Everyone knows about Hadrian’s Wall. Completed in 122CE, it stretches some 73 miles (117km) across northern England from the Solway Firth to the North Sea.

The Antonine Wall is less well known. Built 20 years later an 70 miles further north it crosses the thinnest part of Scotland - 37 miles (59 km) between the Firth of Clyde and Forth. Built of turf on a stone foundation it had mile forts like Hadrian's Wall, though everything was to a smaller scale.

Altar from an Antonine Wall mile fort, Callendar House
Inscription reads (P)ro se et svis - I discharged this vow on behalf of myself and my family)
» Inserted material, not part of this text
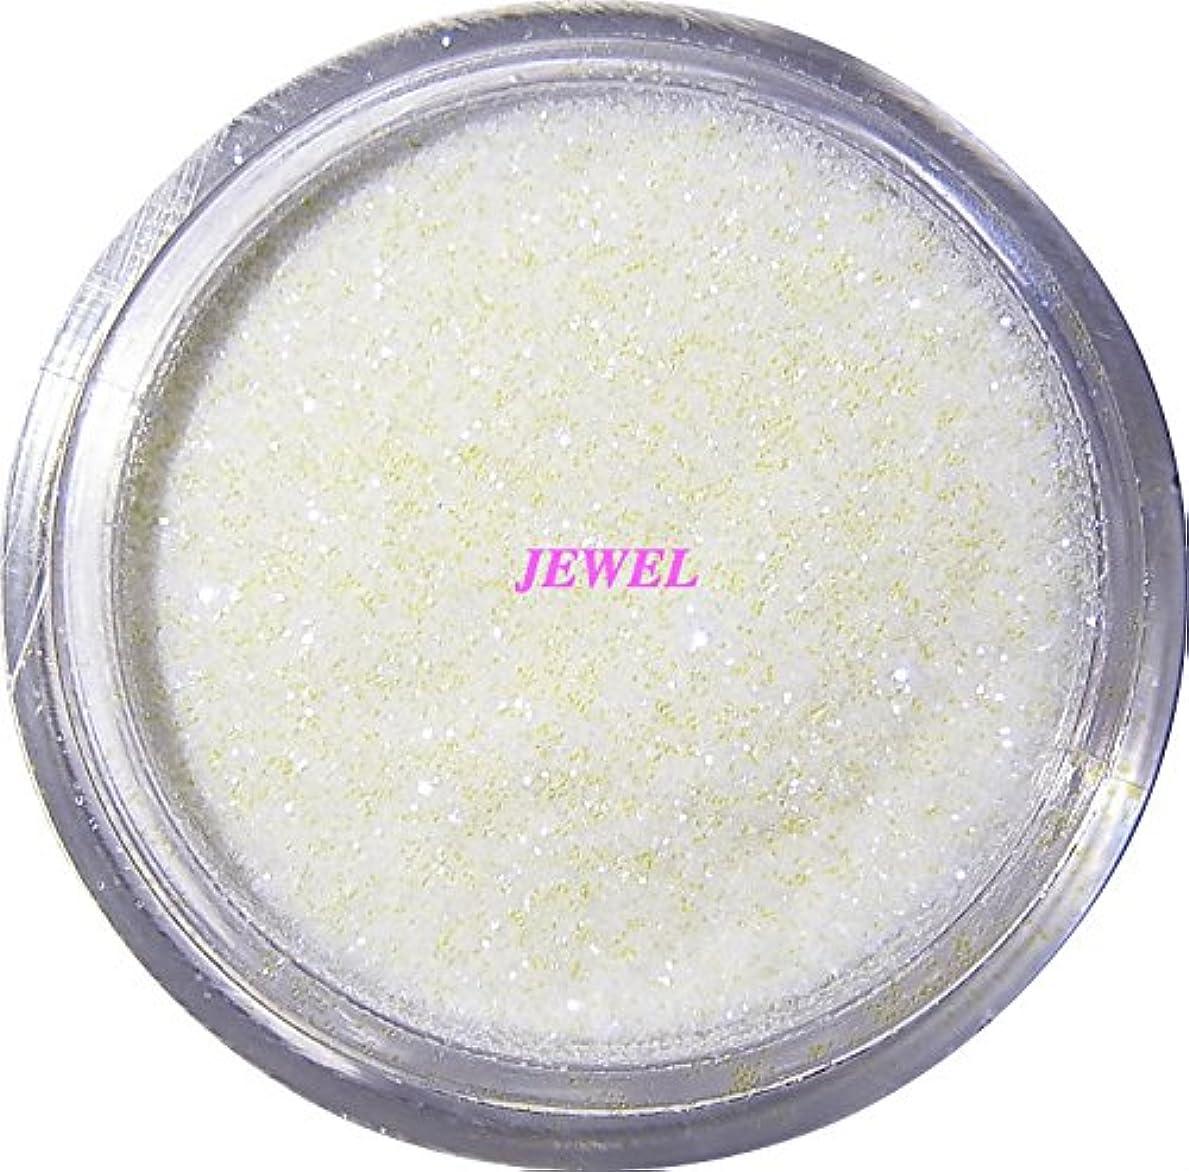 施設ペストバズ【jewel】 超微粒子ラメパウダーたっぷり2g入り 12色から選択可能 レジン&ネイル用 (パールホワイト)
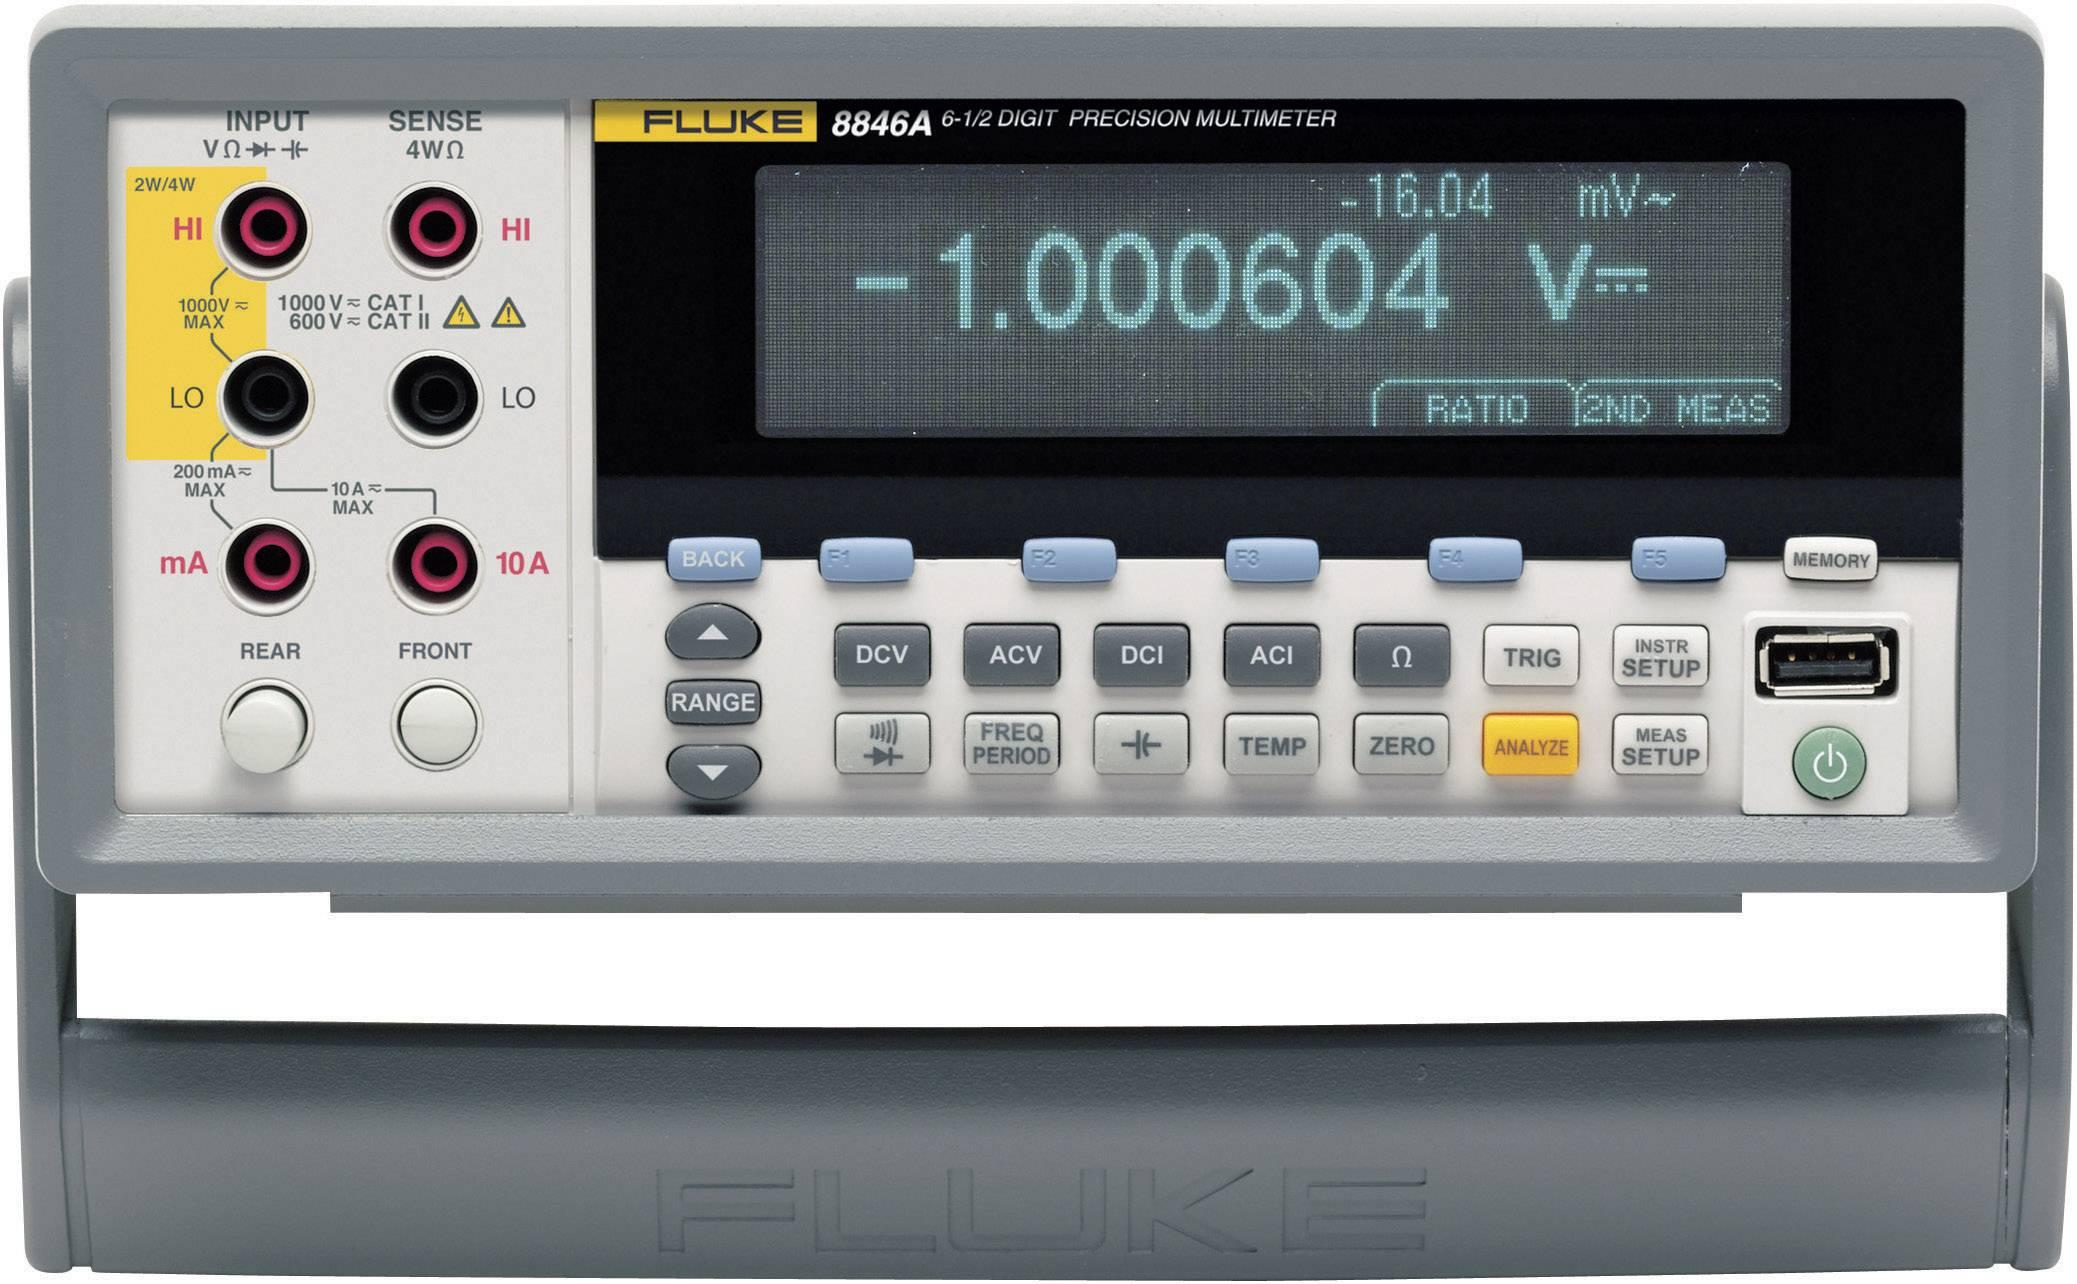 Sada stolního multimetru Fluke 8846A/SU, 100 µΩ - 1 GΩ, 1 µHz - 1 MHz, 1 nF - 0,1 F, -200 - 600 °C

Antoninus’ rule was marked by peace throughout the empire, except in Scotland, where his little adventure started well, but the Caledonians proved recalcitrant and after 20 years of trying the Romans retreated to Hadrian’s wall. There is not a great deal left of the Antonine Wall, but enough for its line to be easily traced. It crosses the land of Callendar House, and if this it not the most spectacular section, it is the only part I have photographed.

A part of the Antonine Wall

The Dunmore Pineapple

Some 8 miles (11 km) north of Falkirk centre, just beyond the village of Airth, tucked away in the countryside and surrounded by trees is what some claim to be the strangest building in Scotland. It is easy enough to find, if you have faith that the track your sat nav has chosen will not peter out in a forest.

Lynne and the Dunmore Pineapple

It is hard to imagine the excitement caused in the 17th century by the arrival of the pineapple on our damp, misty island. Pineapples were exotic and difficult to obtain and thus very desirable and very expensive. The rich and fashionable would hire one for a dinner party. It would adorn the fruit-bowl, but remain untouched, so it could be hired out gain for the next society event.

A closer view of the Dunmore Pineapple

The next stage was to grow pineapples, and gardeners in stately homes soon found themselves labouring in pineries. The first Scottish grown pineapple appeared in 1728. In the days before cheap imports, growing your own seemed reasonable, building your own was downright eccentric, but that is what the Earl of Dunmore did in 1761. He built it as a summer house where he could sit and admire his estate.

A close-up of the Dunmore Pineapple

The estate is now gone, Dunmore House is a ruin, but the National Trust saved the Pineapple. They use it as a holiday home, so all we could do was stare at it and take photographs.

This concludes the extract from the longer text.